▶ **AVAILABLE DATA**
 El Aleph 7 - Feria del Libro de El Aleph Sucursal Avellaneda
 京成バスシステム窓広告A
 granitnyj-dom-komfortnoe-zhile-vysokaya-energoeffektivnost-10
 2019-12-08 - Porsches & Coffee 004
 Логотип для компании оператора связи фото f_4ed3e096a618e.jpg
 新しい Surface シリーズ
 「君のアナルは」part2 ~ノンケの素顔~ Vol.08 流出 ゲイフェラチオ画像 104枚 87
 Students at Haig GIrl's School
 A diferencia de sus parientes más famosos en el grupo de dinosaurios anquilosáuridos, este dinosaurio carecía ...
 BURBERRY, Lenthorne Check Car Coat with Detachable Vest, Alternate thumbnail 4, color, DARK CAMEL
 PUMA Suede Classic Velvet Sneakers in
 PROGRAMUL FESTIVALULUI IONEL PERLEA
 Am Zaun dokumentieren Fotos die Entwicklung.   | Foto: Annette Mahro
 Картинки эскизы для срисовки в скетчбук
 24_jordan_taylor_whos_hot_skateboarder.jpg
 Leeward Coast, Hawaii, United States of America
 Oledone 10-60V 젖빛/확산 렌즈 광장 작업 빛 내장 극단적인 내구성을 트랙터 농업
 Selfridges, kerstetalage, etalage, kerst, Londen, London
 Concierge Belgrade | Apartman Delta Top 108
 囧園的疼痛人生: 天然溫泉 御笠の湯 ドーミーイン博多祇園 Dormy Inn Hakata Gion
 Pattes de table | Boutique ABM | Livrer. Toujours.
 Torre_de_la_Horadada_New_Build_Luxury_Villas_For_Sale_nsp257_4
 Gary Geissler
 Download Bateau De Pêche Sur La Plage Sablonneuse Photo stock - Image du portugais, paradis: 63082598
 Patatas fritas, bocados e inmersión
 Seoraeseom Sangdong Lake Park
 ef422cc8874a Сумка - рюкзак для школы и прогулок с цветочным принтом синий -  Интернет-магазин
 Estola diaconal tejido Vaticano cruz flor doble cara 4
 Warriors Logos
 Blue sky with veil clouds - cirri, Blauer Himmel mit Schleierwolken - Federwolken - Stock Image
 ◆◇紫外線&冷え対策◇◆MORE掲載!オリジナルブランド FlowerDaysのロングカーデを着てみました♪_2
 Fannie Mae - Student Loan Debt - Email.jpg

▶ **WHAT THE TASK REQUIRES**
The entries are to be duplicated exactly, with nothing changed.

▶ **SOLUTION FOR THIS EXERCISE**
 El Aleph 7 - Feria del Libro de El Aleph Sucursal Avellaneda
 京成バスシステム窓広告A
 granitnyj-dom-komfortnoe-zhile-vysokaya-energoeffektivnost-10
 2019-12-08 - Porsches & Coffee 004
 Логотип для компании оператора связи фото f_4ed3e096a618e.jpg
 新しい Surface シリーズ
 「君のアナルは」part2 ~ノンケの素顔~ Vol.08 流出 ゲイフェラチオ画像 104枚 87
 Students at Haig GIrl's School
 A diferencia de sus parientes más famosos en el grupo de dinosaurios anquilosáuridos, este dinosaurio carecía ...
 BURBERRY, Lenthorne Check Car Coat with Detachable Vest, Alternate thumbnail 4, color, DARK CAMEL
 PUMA Suede Classic Velvet Sneakers in
 PROGRAMUL FESTIVALULUI IONEL PERLEA
 Am Zaun dokumentieren Fotos die Entwicklung.   | Foto: Annette Mahro
 Картинки эскизы для срисовки в скетчбук
 24_jordan_taylor_whos_hot_skateboarder.jpg
 Leeward Coast, Hawaii, United States of America
 Oledone 10-60V 젖빛/확산 렌즈 광장 작업 빛 내장 극단적인 내구성을 트랙터 농업
 Selfridges, kerstetalage, etalage, kerst, Londen, London
 Concierge Belgrade | Apartman Delta Top 108
 囧園的疼痛人生: 天然溫泉 御笠の湯 ドーミーイン博多祇園 Dormy Inn Hakata Gion
 Pattes de table | Boutique ABM | Livrer. Toujours.
 Torre_de_la_Horadada_New_Build_Luxury_Villas_For_Sale_nsp257_4
 Gary Geissler
 Download Bateau De Pêche Sur La Plage Sablonneuse Photo stock - Image du portugais, paradis: 63082598
 Patatas fritas, bocados e inmersión
 Seoraeseom Sangdong Lake Park
 ef422cc8874a Сумка - рюкзак для школы и прогулок с цветочным принтом синий -  Интернет-магазин
 Estola diaconal tejido Vaticano cruz flor doble cara 4
 Warriors Logos
 Blue sky with veil clouds - cirri, Blauer Himmel mit Schleierwolken - Federwolken - Stock Image
 ◆◇紫外線&冷え対策◇◆MORE掲載!オリジナルブランド FlowerDaysのロングカーデを着てみました♪_2
 Fannie Mae - Student Loan Debt - Email.jpg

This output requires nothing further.